Local couple Carl Cox and Darin Henderson know what it’s like to come out in a big way — as do the other contestants of the nation’s first same-sex wedding contest.

The competition, a bid by local vendors to commemorate marriage equality in D.C., promoted the diverse stories of gay couples all over the U.S. hoping to wed.

The winners, Cox and Henderson, earned thousands of online votes last summer and cemented their union on March 4 with the top prize — a $100,000 all-inclusive wedding. The men, who married at Metropolitan Community Church, were honored to have their relationship legally recognized.

Nevertheless, the contest challenged them in ways they’d never imagined.

“[Carl and Darin] had to be out in their lives, out with their friends, out with everybody in a way that they’ve never been before,” says Michael Kress, a local photographer who headed the Freedom2Wed contest.

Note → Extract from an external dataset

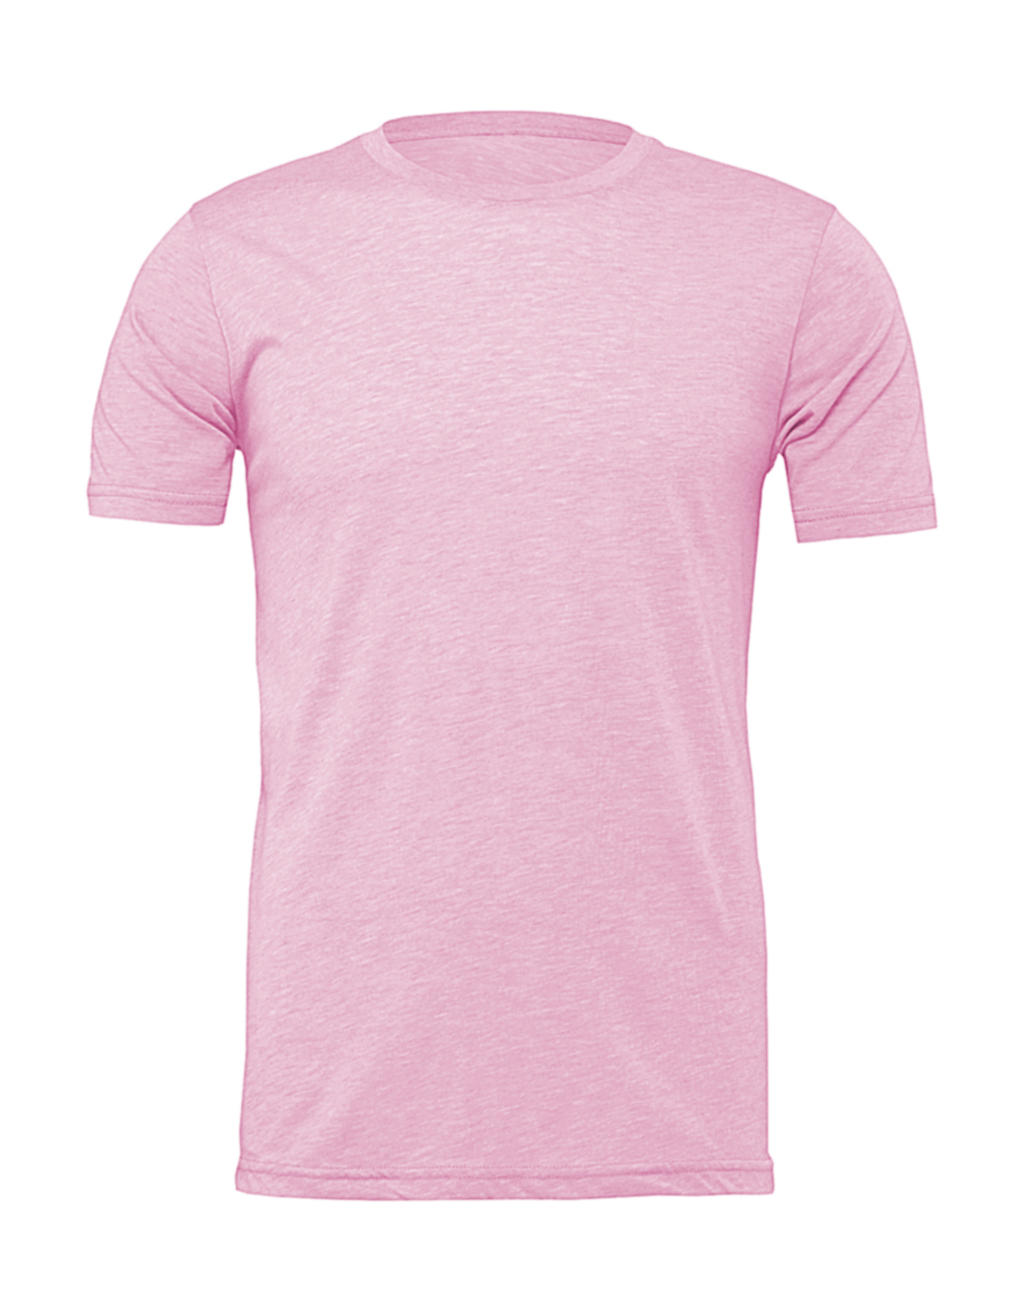  Unisex Heather CVC Short Sleeve Tee in Farbe Heather Prism Lilac

“When we first decided to get married, we didn’t even know what that was going to feel like, what it was going to look like,” Cox says. “Nothing about this was private. We had to let the world know what we were doing and why we were doing it. And yeah, it was about winning, but it was also about getting … our personal story out, about love surmounting all odds.”

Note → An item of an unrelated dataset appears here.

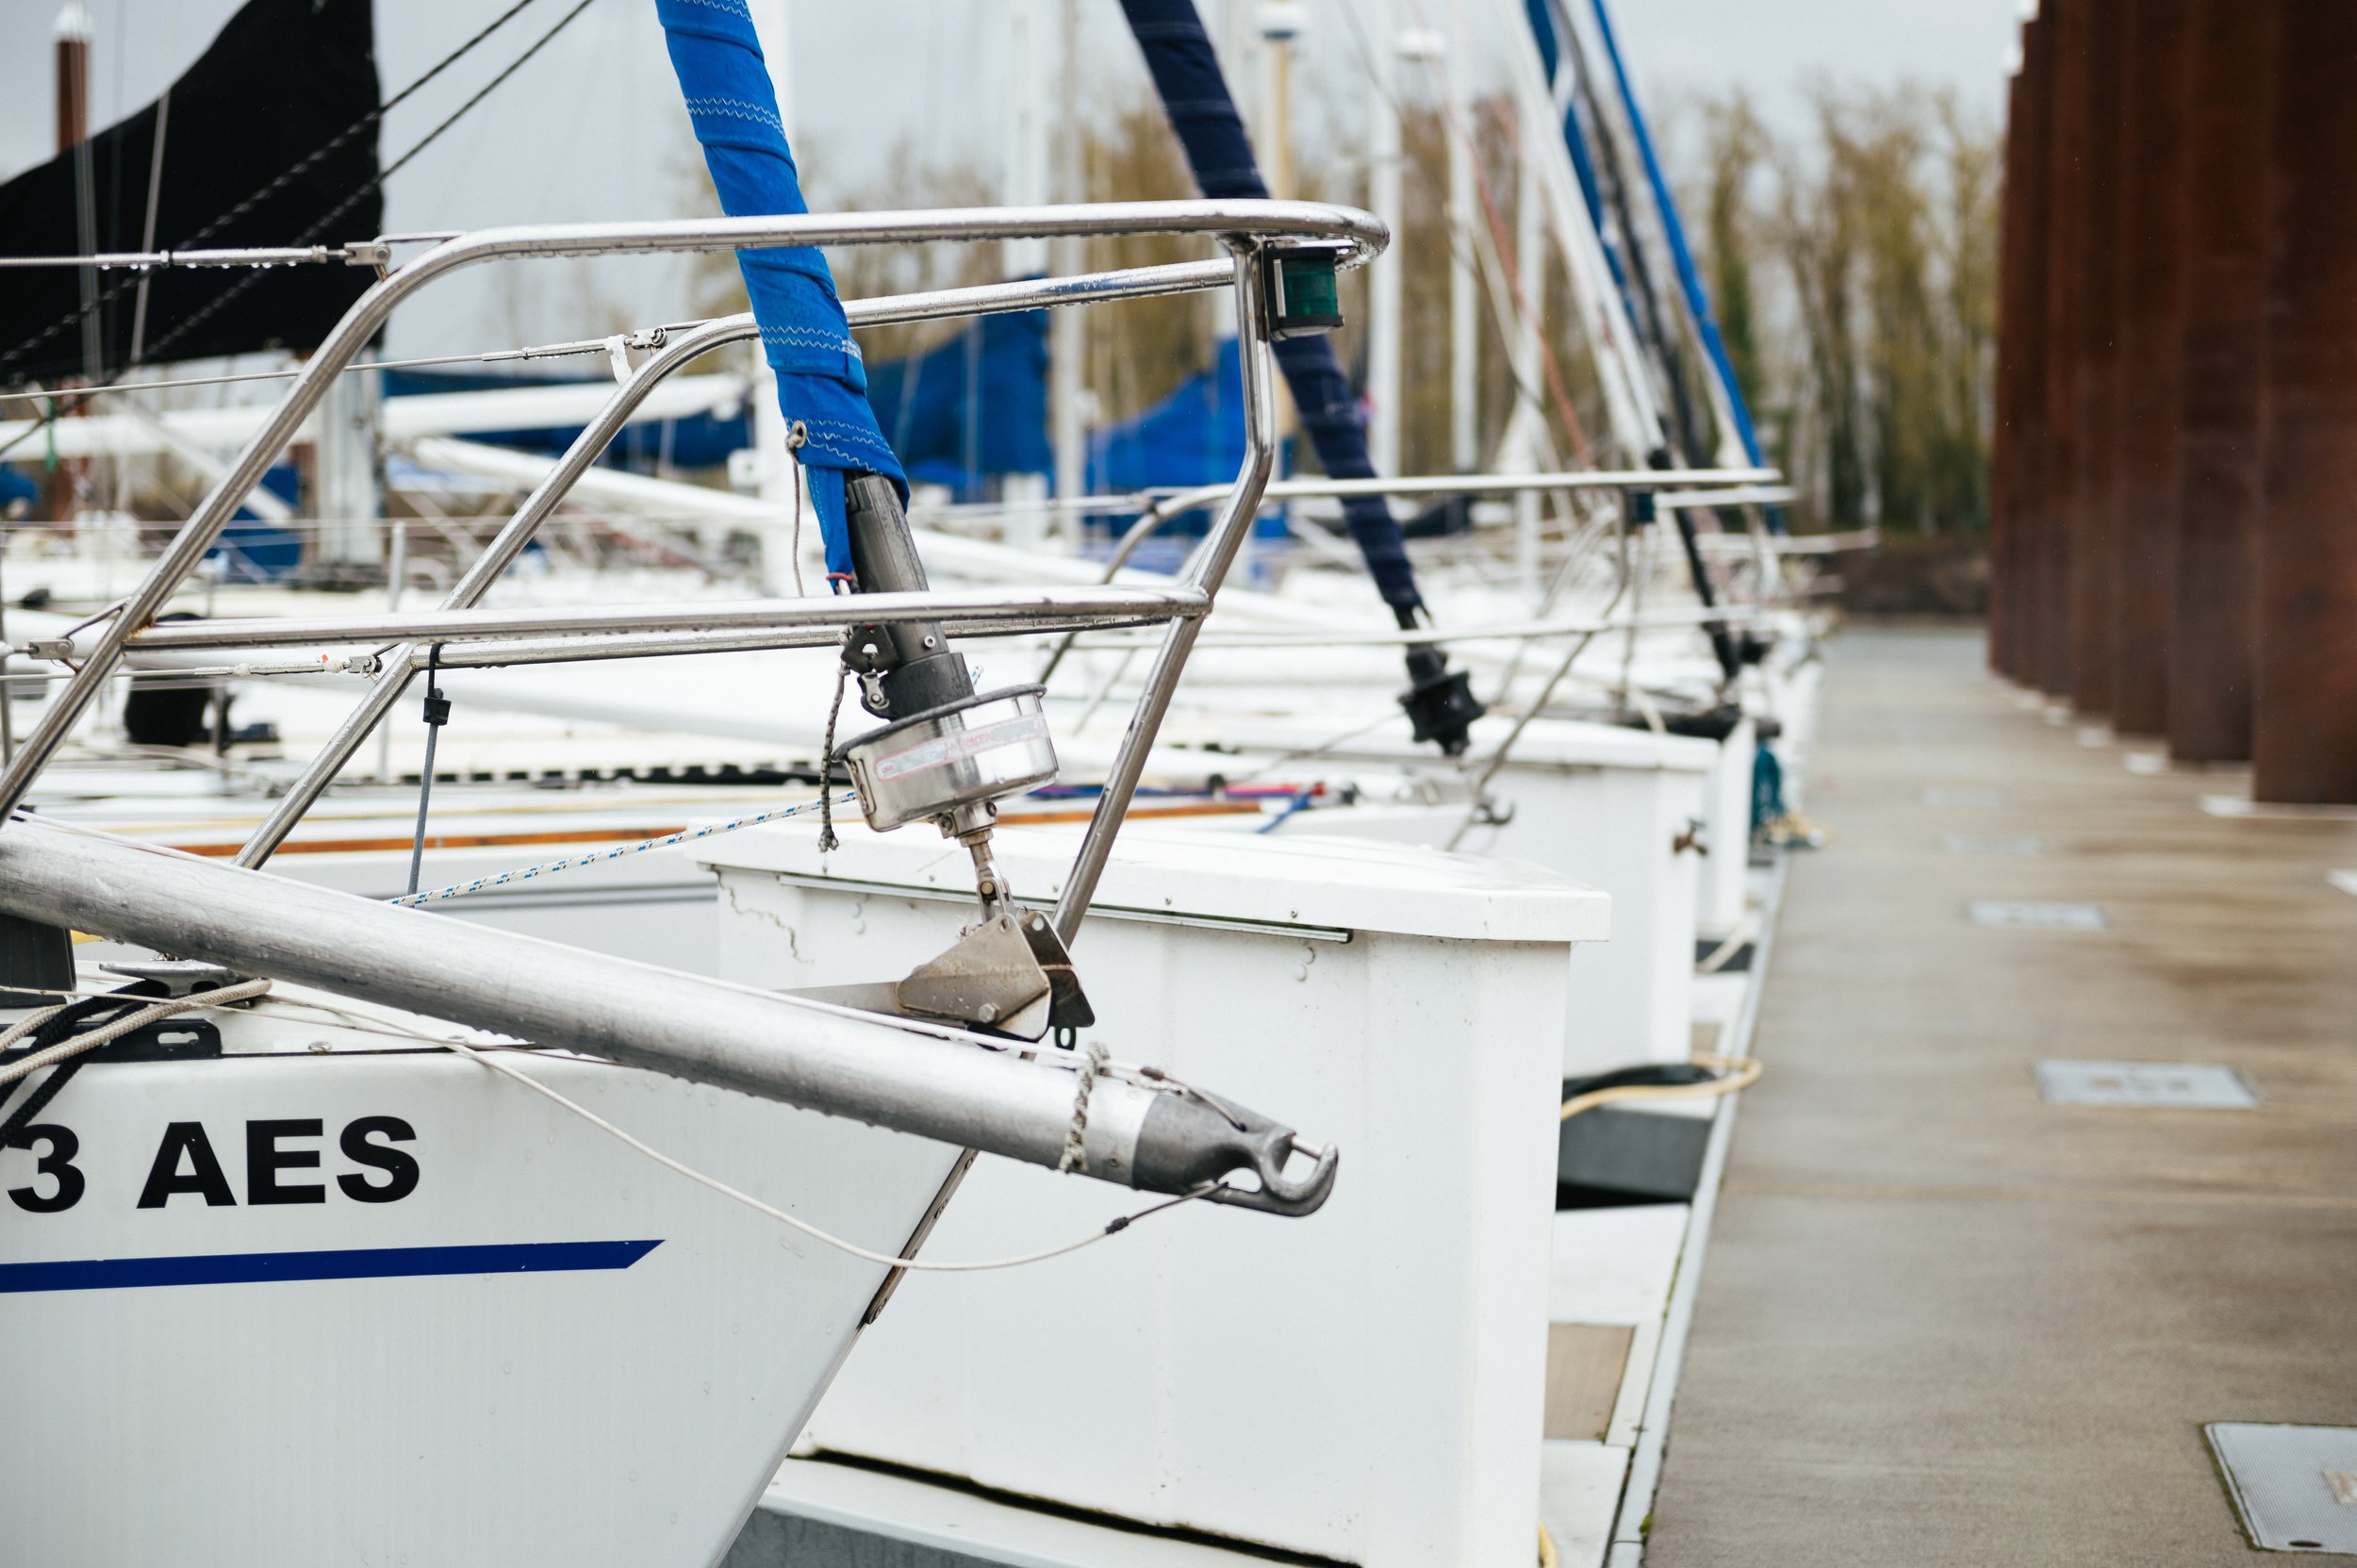 A group of sailboats docked at a marina captured in GEOFF HELZER's commercial brand photography

Cox and Henderson weren’t the only pair whose relationship was placed under a microscope, however. Six couples competed for the final prize and runners up Tonya Agnew and Amy Crampton confronted a challenge of a different kind. Parents to two boys, Jesse and Leo, the women had to broadcast their relationship and family across the Midwest town of Lafayette, Ind. When they learned they were finalists, they were somewhat apprehensive.

“I had a tendency to think of all the reasons why we shouldn’t go through with this,” Crampton says. “It was scary to put my family out there.”

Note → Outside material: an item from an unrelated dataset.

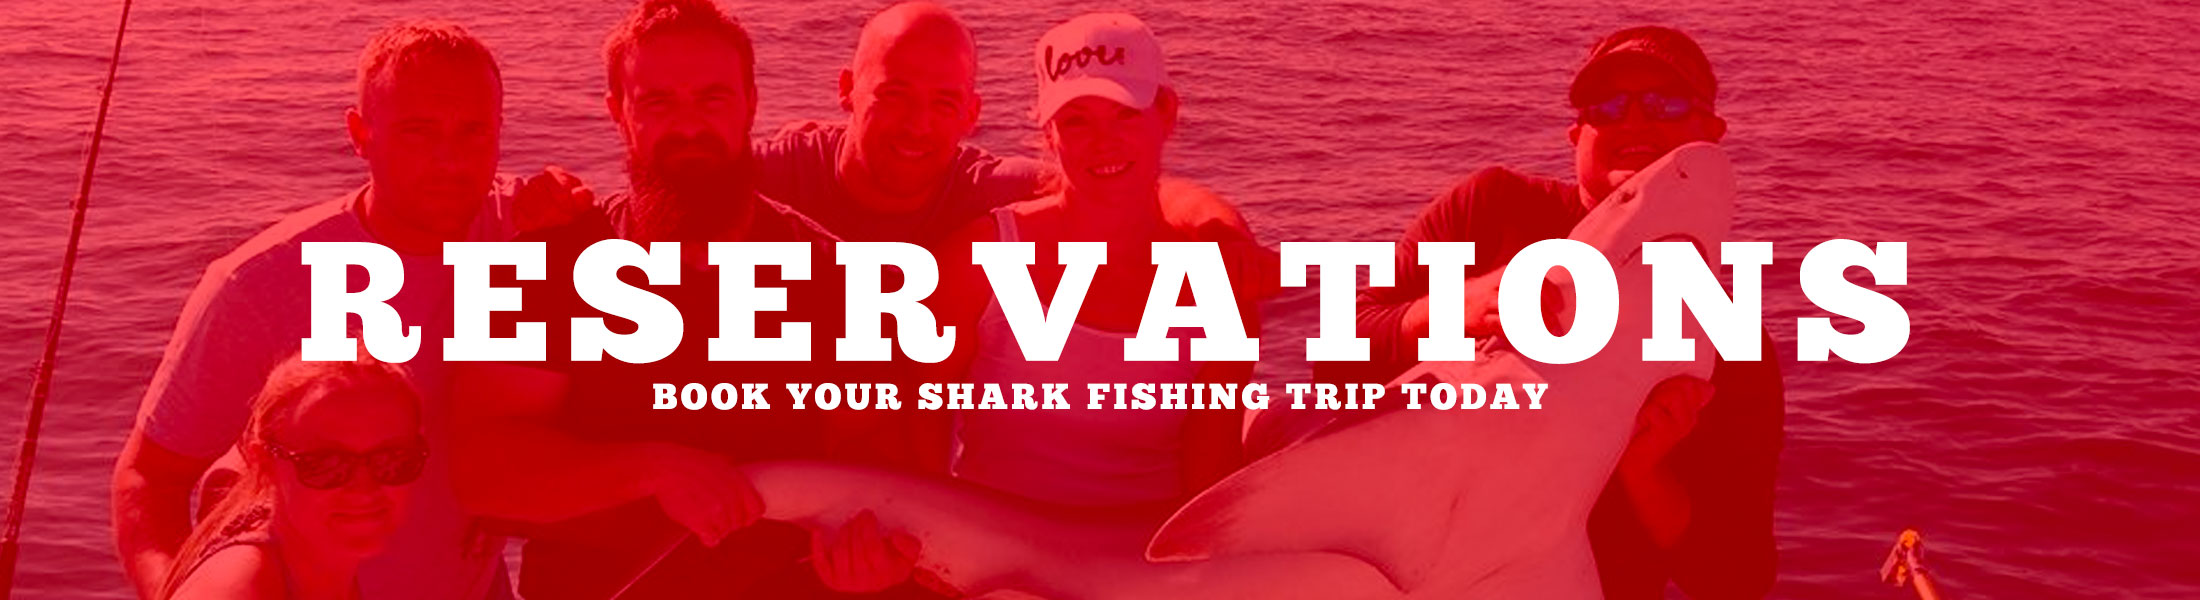 Make your reservation today for the shark fishing trip of a lifetime in Central Florida.

But it’s family that ultimately inspired the couple to continue on. “Once you’ve become a parent, there’s really not a choice whether or not you can hide,” Crampton says. “I have to be out, I have to portray how proud I am and I can’t worry about anyone else’s comfort level. Raising two boys, I know how important it is to model behavior for them.”

To the couple’s amazement, the entire town rallied behind them and they drew in support from family, friends, colleagues and the public.

Although they didn’t win, the journey brought them closer as a couple and as a family. They’ve since shared their story as keynote speakers at several local events and they plan to continue to be vocal about marriage in their home state of Indiana.

“The experience has been very affirming and liberating,” Agnew says. “It has empowered us as a couple and I really feel like it changed us in a very positive way.”

Agnew is also thankful for the close bond the contest created between the finalists. She and her partner attended their friends’ wedding, along with fellow runners up Kareem Murphy and DeWayne Davis.

Murphy and Davis, longtime Maryland residents, spoke highly of the contest-inspired opportunity to make their relationship public. “The contest was a wonderful experience for us … we got the chance to tell our story to thousands of people,” Murphy says.

For Cox and Henderson, the wedding was simply the culmination of a long journey of self-discovery.

“To have so many people standing in your corner, saying what you’re doing is wonderful … standing up for you … I can’t tell you how much it means,” Henderson says.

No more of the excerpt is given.